Catan fragte sich immer noch, ob Johannes klar gewesen war, dass er belogen wurde. Nur wenige Tage später war er gestorben, ein Greis, gezeichnet von der Zeit, der er so lange davongelaufen war.

»Sein Volk glaubt, der Gott, den sie Schmied nennen, habe den König zu ihnen geschickt«, sagte Catan. »Den Tag der Vertreibung erklären sie sich damit, dass der Teufel auf den Olymp gelangt ist und nun ihre Geschicke anstelle des Königs lenkt.«

Er trat ans Fenster, sah hinaus in das tosende Unwetter. Der Junge in seinem Arm musterte ihn stumm und fragend.

»Sie haben recht«, fuhr er nach einem Moment fort. »Der Teufel lenkt ihre Geschicke, aber er sitzt nicht auf dem Berg, sondern in diesem Palast. Ich hasse es, ihm zu dienen.«

Nie zuvor hatte er sich den wahren Grund für seine Abwesenheit eingestanden. Er hatte die Elfen in der Unterwelt der Menschenstadt ebenso gebraucht wie sie ihn. Sie hatte er innerlich vorgeschoben, wenn sein Gewissen ihn mahnte und ihn daran erinnerte, dass seine Suche längst nicht abgeschlossen war. Eine Weile hatte er sich selbst betrügen können, doch jeder Betrug flog irgendwann einmal auf.

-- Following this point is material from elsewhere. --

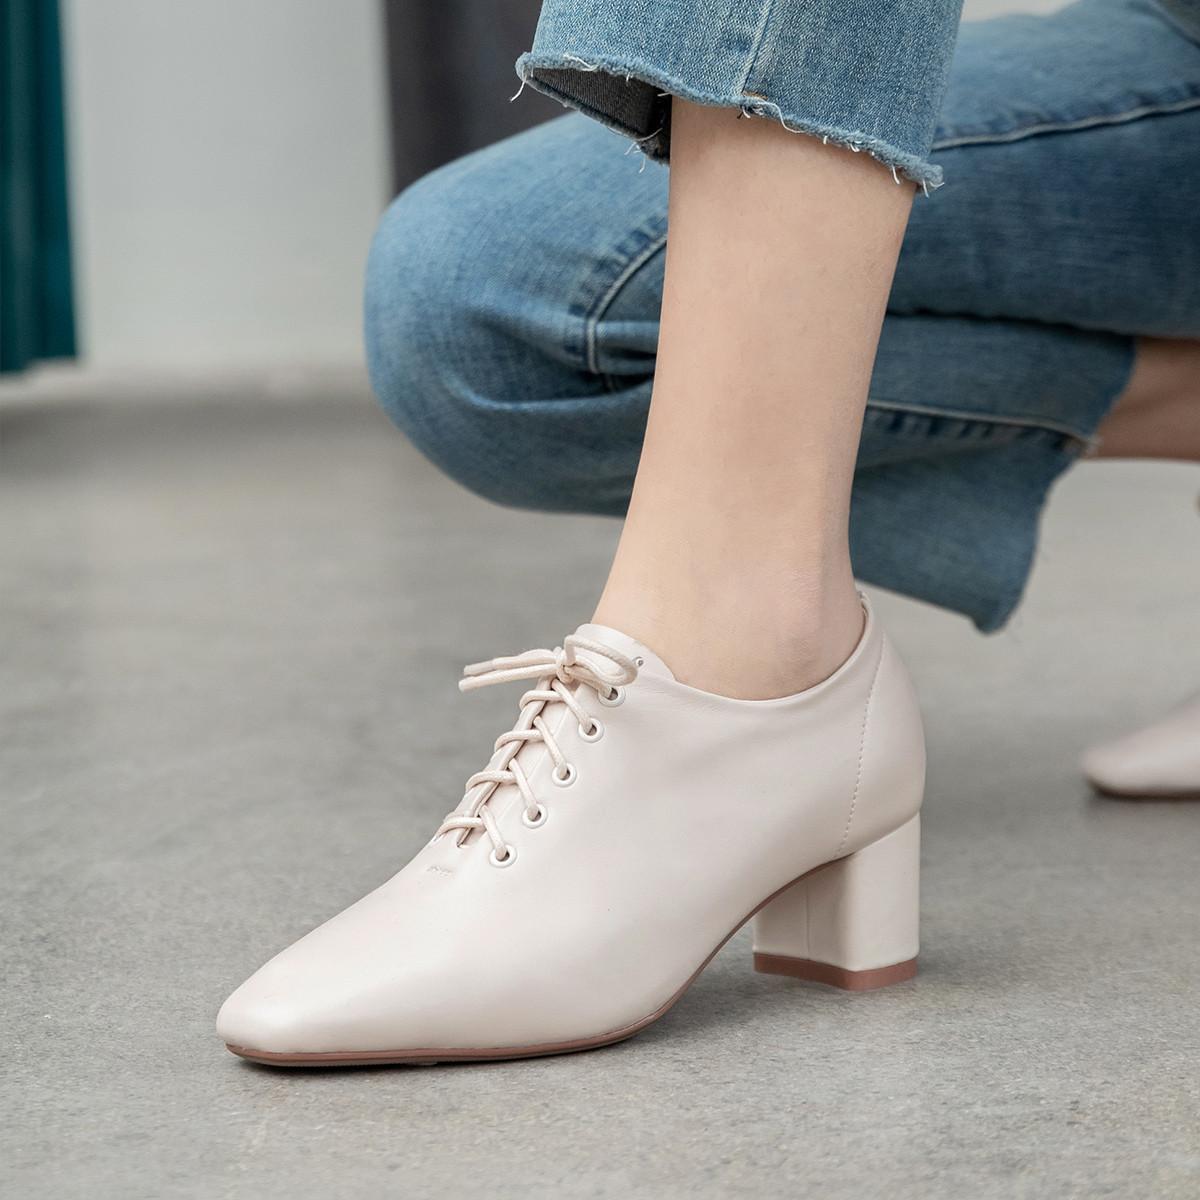 艾米娜【专柜清仓】艾米娜头层牛皮女鞋女单鞋女高跟鞋女士皮鞋商务A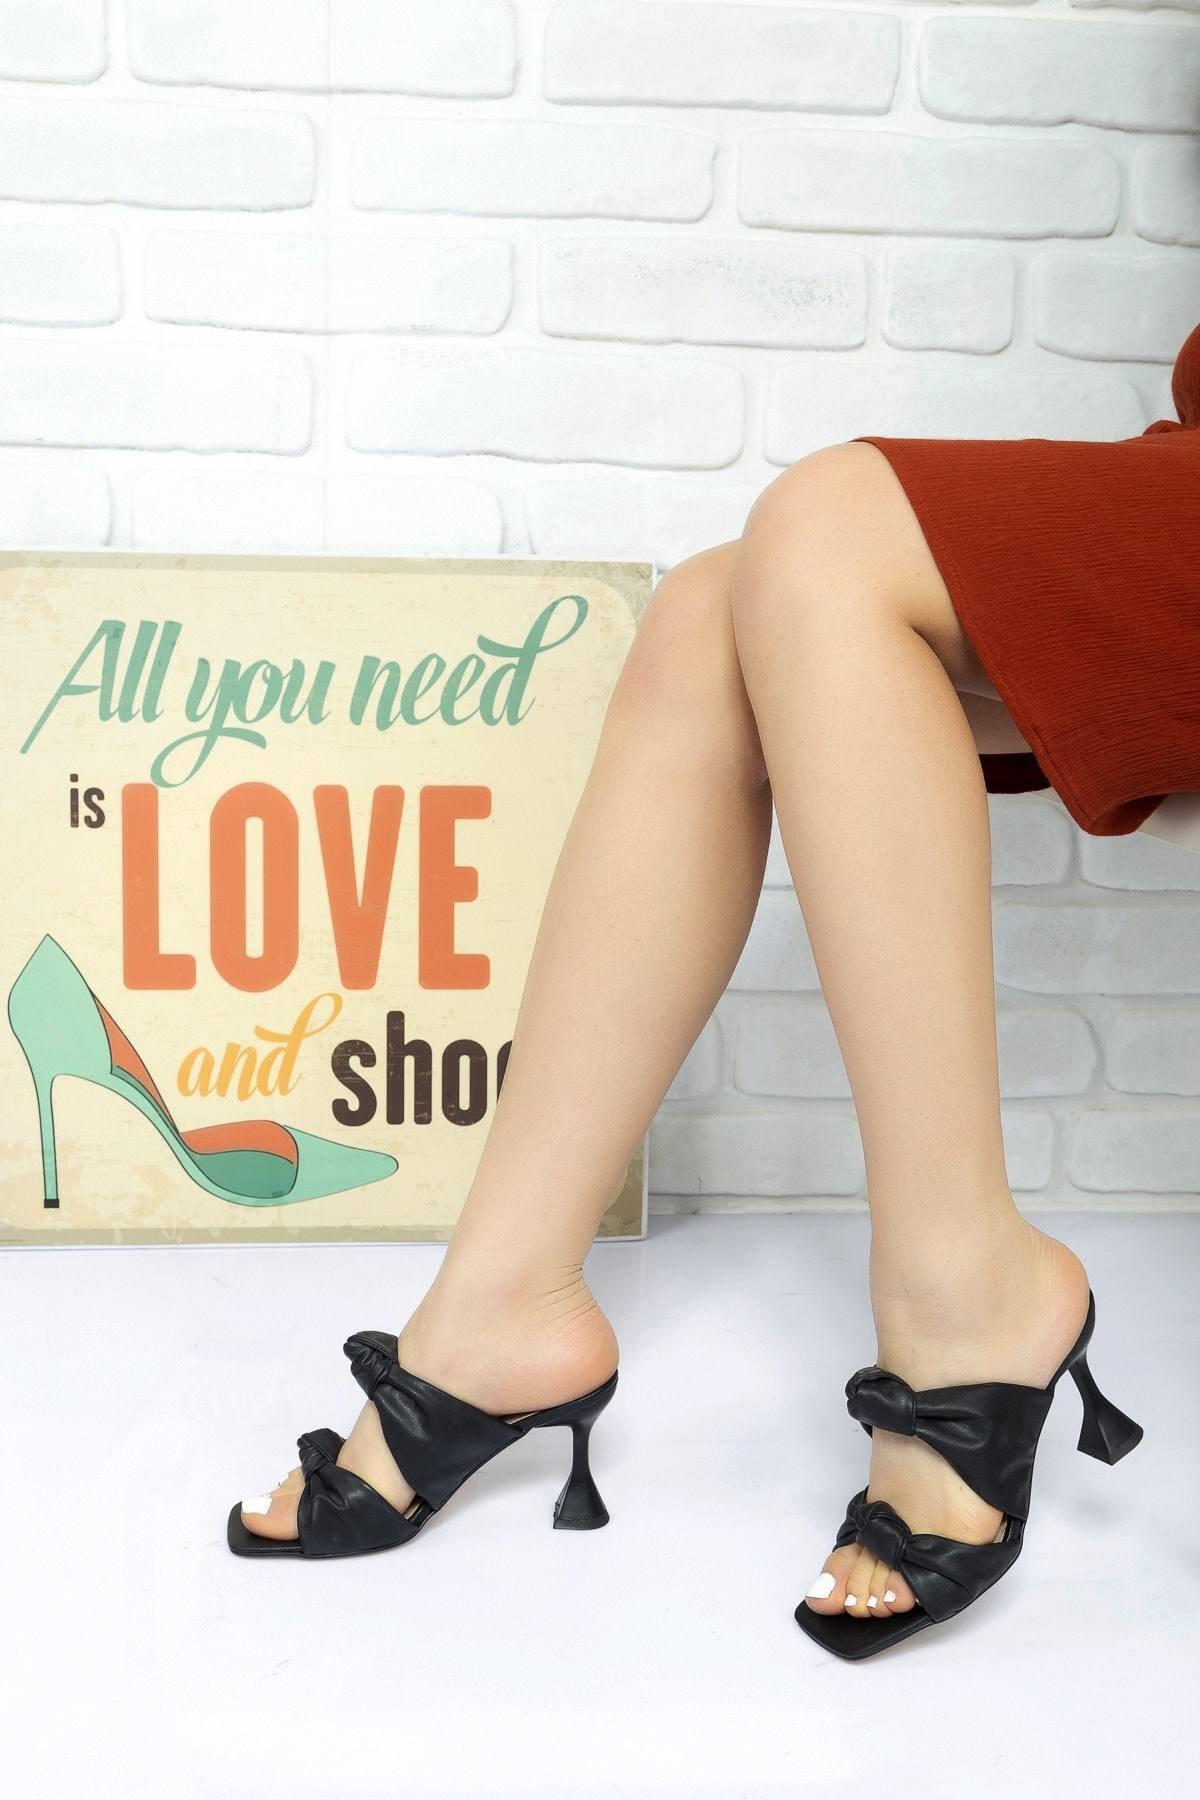 Lara Ayakkabı Kadın Siyah Düğüm Bantlı Topuklu Terlik 1

»Ich war kein Johannes«, sagte er. »Ich war kein gerechter, gütiger König, der alles für seine Untertanen tat. Das erkannte ich, als ich dich sah und mich an meine Aufgabe erinnerte. Ich bin ein Diener, kein Herr.«

Die Edelsteine, die er von Sinenomen bekommen hatte, würde er den Elfen unter der Erde zukommen lassen. Ihn selbst zog nichts mehr dorthin. Er hatte seine Bestimmung gefunden, ein Diener seines Königs, ein Gründer einer neuen Dynastie.

Sein Blick glitt zu dem Paket, das staubbedeckt unter seinem Bett lag. Er würde es Anne schenken und mit ihr über die Wünsche ihres Vaters sprechen – nach dem Ritual, sobald er sich das Blut von den Händen gewaschen hatte.

Er sah aus dem Fenster. Das Unwetter zog sich über dem Palast zusammen. Seine Nackenhaare stellten sich auf, als er die Magie spürte, die sich über ihm in der Turmspitze sammelte.

Die Zeit war gekommen.

»Ich hasse es, ihm zu dienen«, wiederholte er, »aber er ist mein König, und mein Gehorsam ist alles, was ich habe. Es tut mir leid, Talamh.«

Er ging zur Tür.

In seinen Armen begann der Säugling zu weinen.